#### ENTRIES SUPPLIED
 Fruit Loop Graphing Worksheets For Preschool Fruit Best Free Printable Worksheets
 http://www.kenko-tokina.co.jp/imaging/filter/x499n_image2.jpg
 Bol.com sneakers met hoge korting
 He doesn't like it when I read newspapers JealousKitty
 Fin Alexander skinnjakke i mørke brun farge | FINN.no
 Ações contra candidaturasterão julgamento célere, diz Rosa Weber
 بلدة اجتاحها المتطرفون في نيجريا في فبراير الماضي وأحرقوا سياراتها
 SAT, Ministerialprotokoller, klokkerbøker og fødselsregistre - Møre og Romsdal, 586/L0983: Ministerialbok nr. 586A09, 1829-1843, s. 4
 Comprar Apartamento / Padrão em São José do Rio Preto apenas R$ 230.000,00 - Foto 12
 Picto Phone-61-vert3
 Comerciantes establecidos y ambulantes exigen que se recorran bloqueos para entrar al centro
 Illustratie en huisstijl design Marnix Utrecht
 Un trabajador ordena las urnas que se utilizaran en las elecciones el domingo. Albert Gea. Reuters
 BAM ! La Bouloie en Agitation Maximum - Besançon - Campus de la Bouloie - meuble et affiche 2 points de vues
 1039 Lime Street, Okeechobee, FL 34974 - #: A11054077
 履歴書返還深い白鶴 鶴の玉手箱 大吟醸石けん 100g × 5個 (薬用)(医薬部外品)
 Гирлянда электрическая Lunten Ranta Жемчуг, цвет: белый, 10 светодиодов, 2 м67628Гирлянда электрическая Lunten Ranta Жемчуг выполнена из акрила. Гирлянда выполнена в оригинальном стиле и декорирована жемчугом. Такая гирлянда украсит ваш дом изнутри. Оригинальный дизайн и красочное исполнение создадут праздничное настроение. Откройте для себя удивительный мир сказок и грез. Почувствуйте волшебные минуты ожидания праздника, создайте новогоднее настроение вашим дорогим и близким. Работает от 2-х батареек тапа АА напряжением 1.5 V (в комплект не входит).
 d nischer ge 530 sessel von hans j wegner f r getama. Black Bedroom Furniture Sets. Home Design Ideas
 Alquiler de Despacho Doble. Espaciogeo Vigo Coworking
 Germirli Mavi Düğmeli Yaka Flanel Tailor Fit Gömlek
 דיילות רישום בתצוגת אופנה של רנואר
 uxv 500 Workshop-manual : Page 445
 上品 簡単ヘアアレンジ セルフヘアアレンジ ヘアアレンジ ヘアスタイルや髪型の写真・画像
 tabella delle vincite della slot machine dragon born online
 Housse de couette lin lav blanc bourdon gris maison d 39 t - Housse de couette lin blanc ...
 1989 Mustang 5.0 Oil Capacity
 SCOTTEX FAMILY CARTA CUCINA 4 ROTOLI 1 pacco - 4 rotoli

#### DIRECTIONS FOR THIS TASK
Extract, verbatim, the lines from the one containing "上品 簡単ヘアアレンジ セルフヘアアレンジ ヘアアレンジ ヘアスタイルや髪型の写真・画像" through the last line of the listing above.

#### WRITTEN SOLUTION
 上品 簡単ヘアアレンジ セルフヘアアレンジ ヘアアレンジ ヘアスタイルや髪型の写真・画像
 tabella delle vincite della slot machine dragon born online
 Housse de couette lin lav blanc bourdon gris maison d 39 t - Housse de couette lin blanc ...
 1989 Mustang 5.0 Oil Capacity
 SCOTTEX FAMILY CARTA CUCINA 4 ROTOLI 1 pacco - 4 rotoli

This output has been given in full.